The Marburg virus causes severe viral haemorrhagic fever in humans with a case fatality rates that have ranged from 24% to 88%. [1] Rousettus aegypti, fruit bats of the Pteropodidae family, are considered to be natural hosts of Marburg virus. The Marburg virus is transmitted to people from fruit bats and spreads among humans through human-to-human transmission. No specific antiviral treatment or vaccine is available.

Historical Perspective

  • Marburg haemorrhagic fever was initially detected in 1967 after simultaneous outbreaks in Marburg, from which the disease takes its name, and Frankfurt in Germany; and in Belgrade, Serbia. The first people infected had been exposed to African green monkeys (Cercopithecus aethiops) who were imported from Uganda or the tissues while conducting research. A total of 32 people became ill , initially lab workers followed by several medical personnel and family members who cared for them.
  • Subsequently, outbreaks and sporadic cases have been reported in Angola, Democratic Republic of the Congo, Kenya, South Africa (in a person with recent travel history to Zimbabwe) and Uganda.
  • In 2008, two independent cases were reported in travelers who visited a cave inhabited by Rousettus bat colonies in Uganda.
  • In 2012 there was an outbreak in Uganda in october where 18 cases where reported and 9 of them died.
Chronology of Marburg Hemorrhagic Fever Outbreaks ("Marburg Hemorrhagic Fever". Center for Disease Control and Prevention. Center for Disease Control and Prevention (CDC). Nov. 29 2013. Retrieved Jul 24 2014. Check date values in: |accessdate=, |date= (help))
Years Country Apparent or suspected origin Reported number of human cases Reported number (%) of deaths among cases Situation
1967 Germany and Yugoslavia Uganda 31 7 (23%) Simultaneous outbreaks occurred in laboratory workers handling African green monkeys imported from Uganda 1 In addition to the 31 reported cases, an additional primary case was retrospectively serologically diagnosed. [2]
1975 Johannesburg, South Africa Zimbabwe 3 1 (33%) A man with a recent travel history to Zimbabwe was admitted to hospital in South Africa. Infection spread from the man to his traveling companion and a nurse at the hospital. The man died, but both women were given vigorous supportive treatment and eventually recovered.

Pathophysiology

Pathogen

Marburg virus is the causative agent of Marburg haemorrhagic fever (MHF). Marburg and Ebola viruses are the two members of the Filoviridae family (filovirus). Though caused by different viruses, the two diseases are clinically similar. The viral structure is typical of filoviruses, with long threadlike particles which have a consistent diameter but vary greatly in length from an average of 800 nanometers up to 14,000 nm, with peak infectious activity at about 790 nm. Virions (viral particles) contain seven known structural proteins. While nearly identical to Ebola virus in structure, Marburg virus is antigenically distinct from Ebola virus — in other words, it triggers different antibodies in infected organisms. It was the first filovirus to be identified. The Marburg virus was briefly described in the book written by Richard Preston entitled The Hot Zone.

Transmission

Originally, human infection results from prolonged exposure to mines or caves inhabited by Rousettus bats colonies.

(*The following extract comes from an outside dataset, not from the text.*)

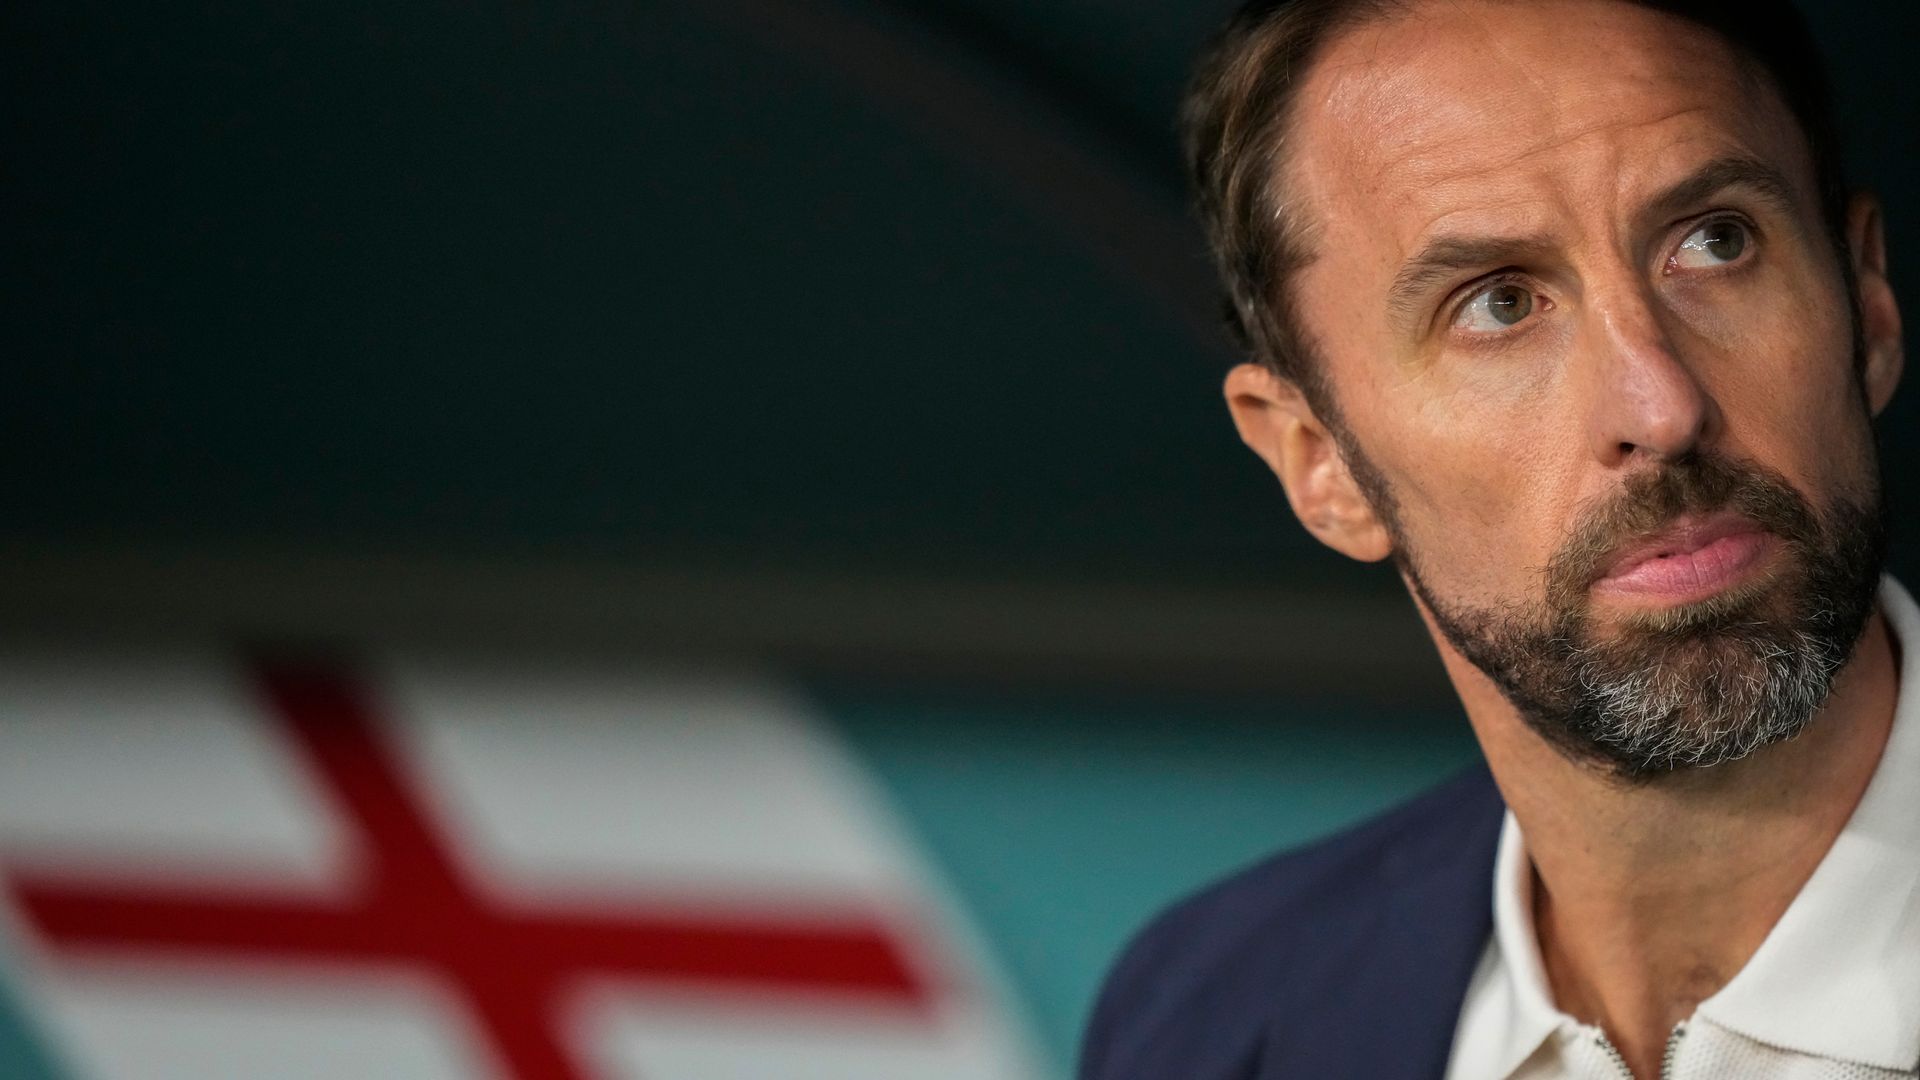 Southgate considering England exit

Transmission is mainly human-to-human, resulting from close contact with the blood, secretions, organs or other bodily fluids of infected persons. Burial ceremonies where mourners have direct contact with the body of the deceased can play a significant role in the transmission of Marburg. Transmission via infected semen can occur up to seven weeks after clinical recovery.

Transmission to health-care workers has been reported while treating Marburg patients, through close contact without the use of correct infection control precautions. Transmission via contaminated injection equipment or through needle-stick injuries is associated with more severe disease, rapid deterioration, and, possibly, a higher fatality rate.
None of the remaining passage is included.